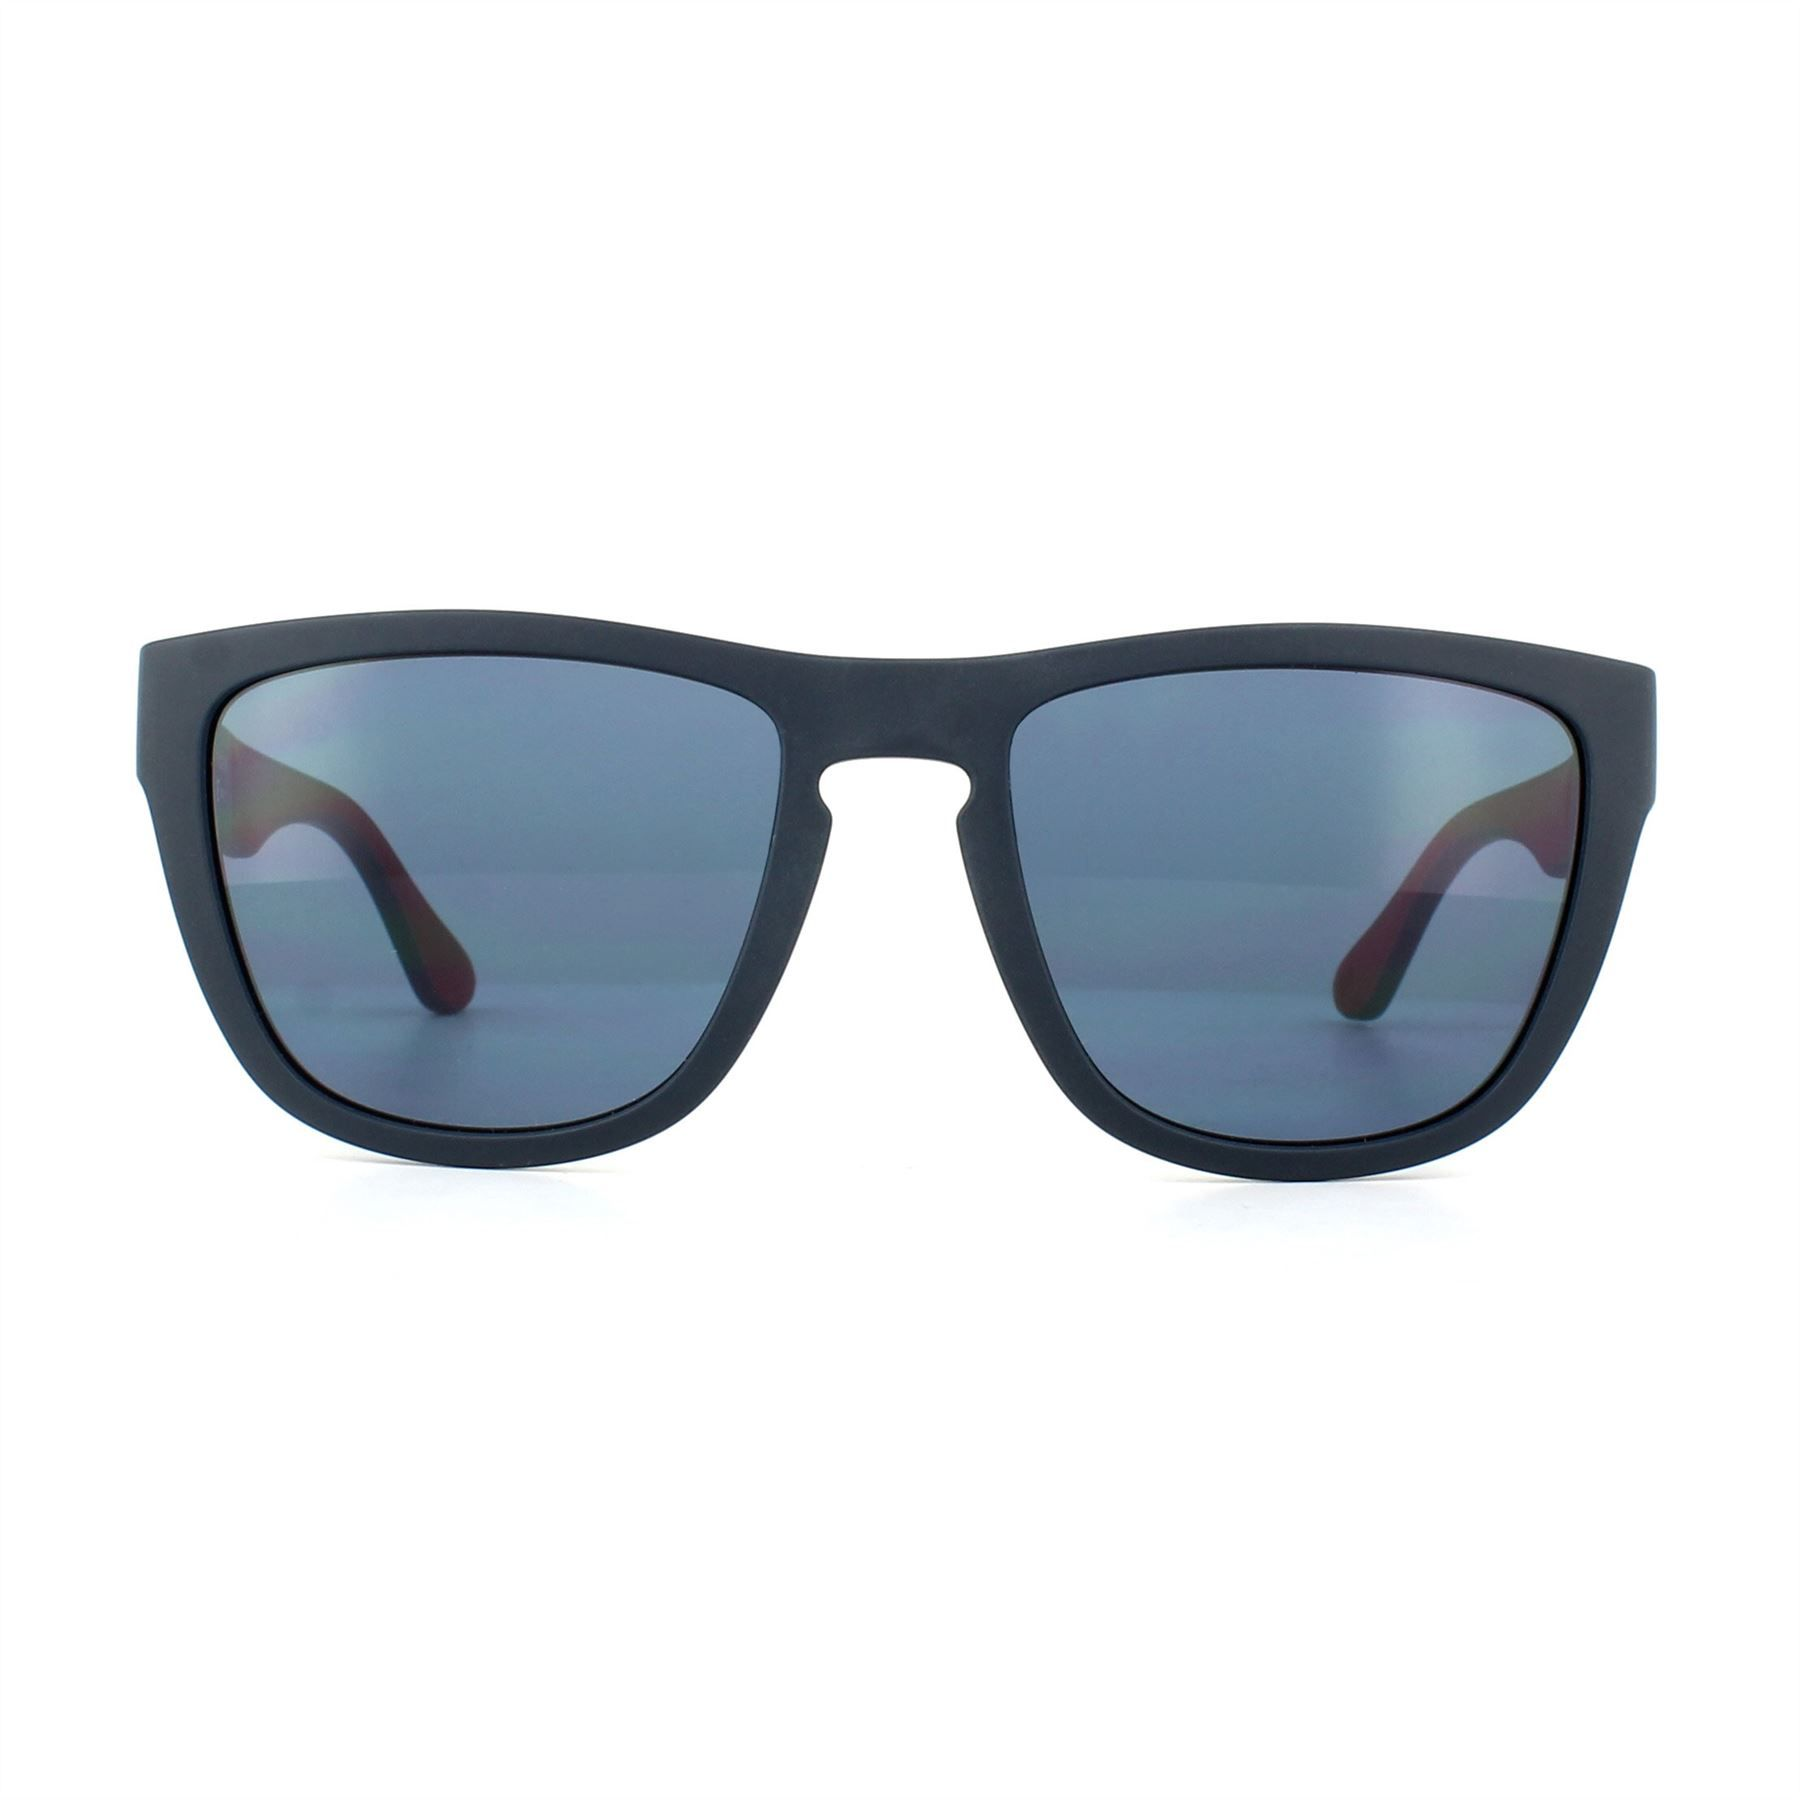 Tommy Hilfiger Sunglasses Th 1557/S 8Ru Ku Blue Blue
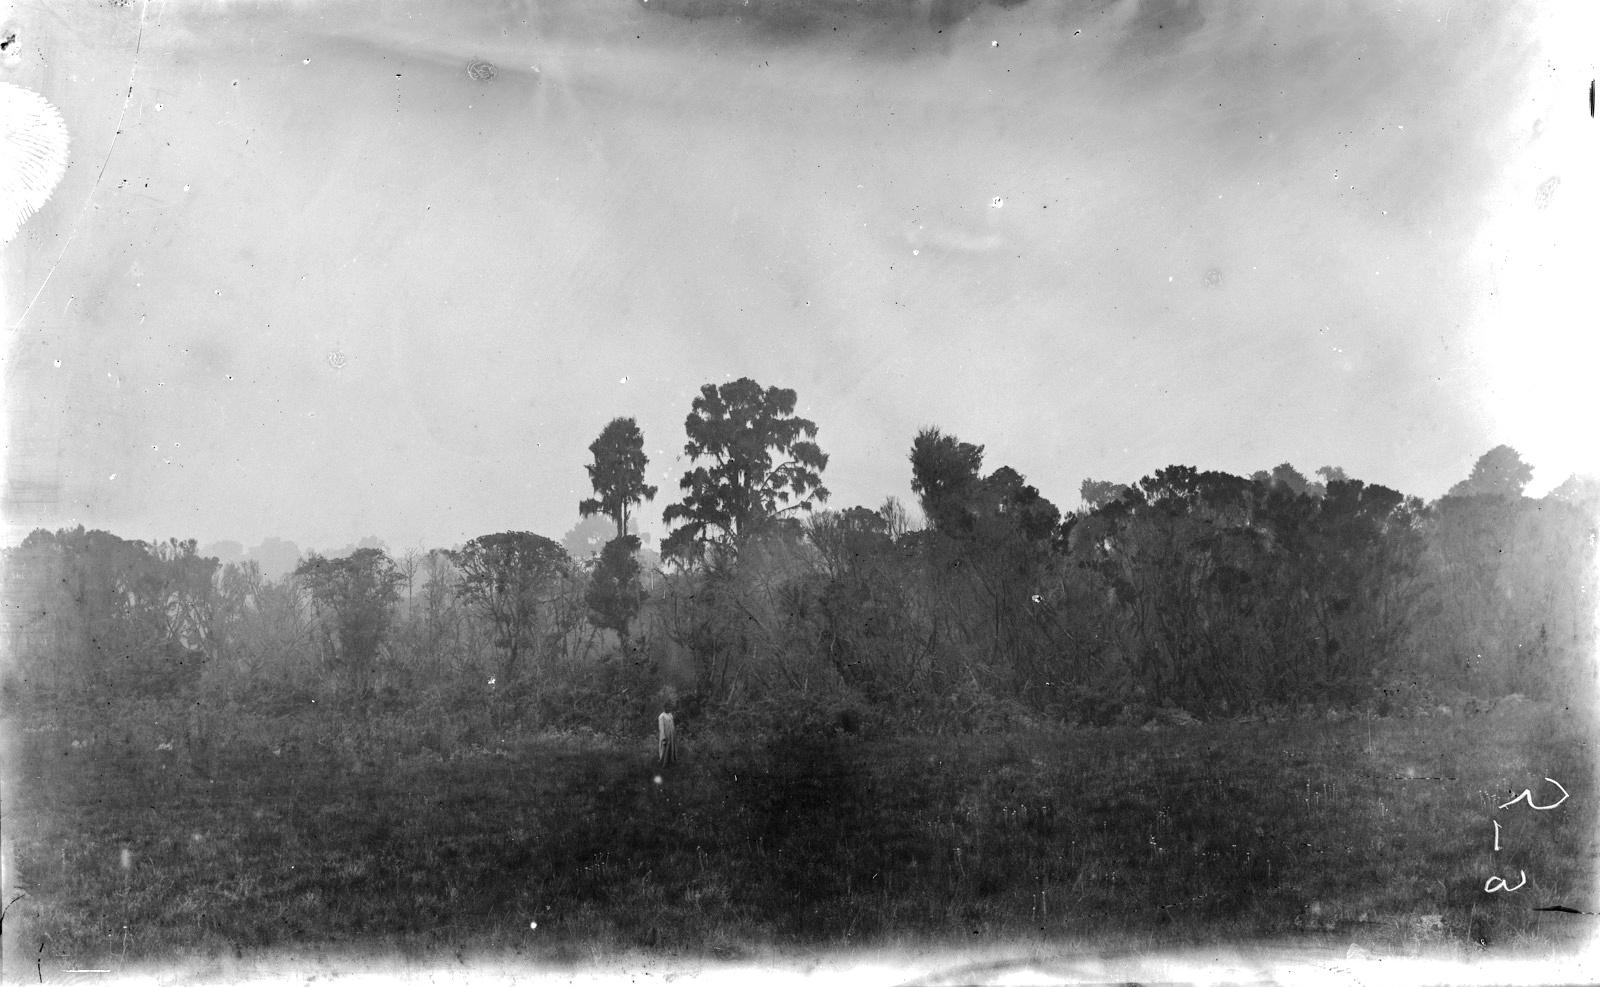 361. Вид на луг на верхней границе джунглей к югу от Мавензи
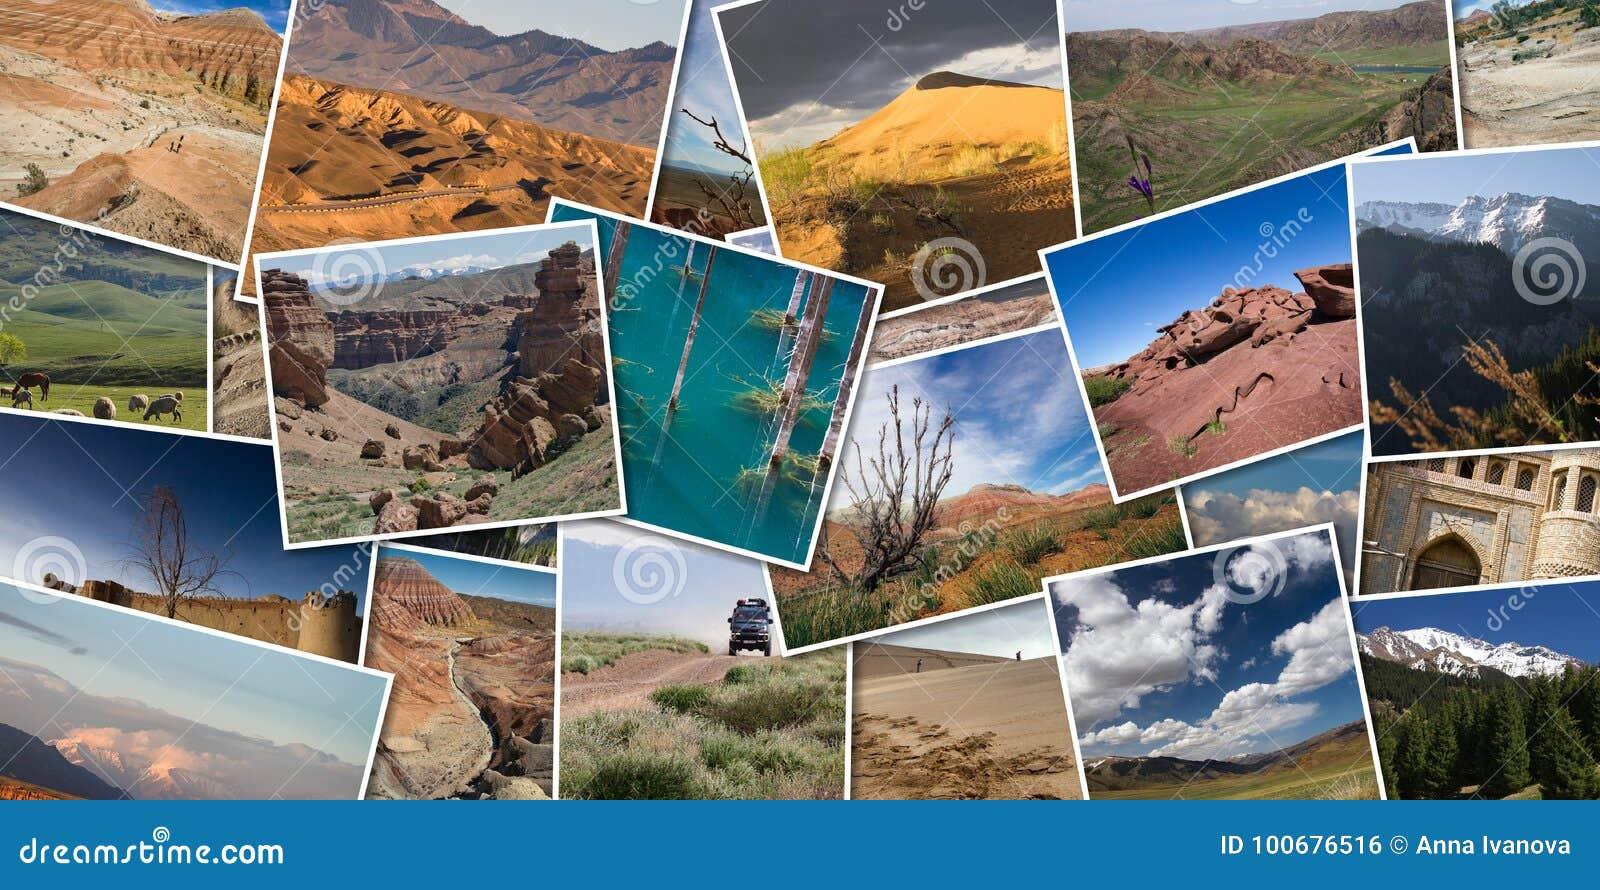 Panoramnyj Kollazh Foto Prirody Kazahstana Landshaft M Stokovoe Foto

────

WHAT TO DO ::
Once the images are dropped, set down the remaining material word for word.

ANSWER ::
 Tommy Hilfiger Sunglasses Th 1557/S 8Ru Ku Blue Blue
 361. Вид на луг на верхней границе джунглей к югу от Мавензи
 Panoramnyj Kollazh Foto Prirody Kazahstana Landshaft M Stokovoe Foto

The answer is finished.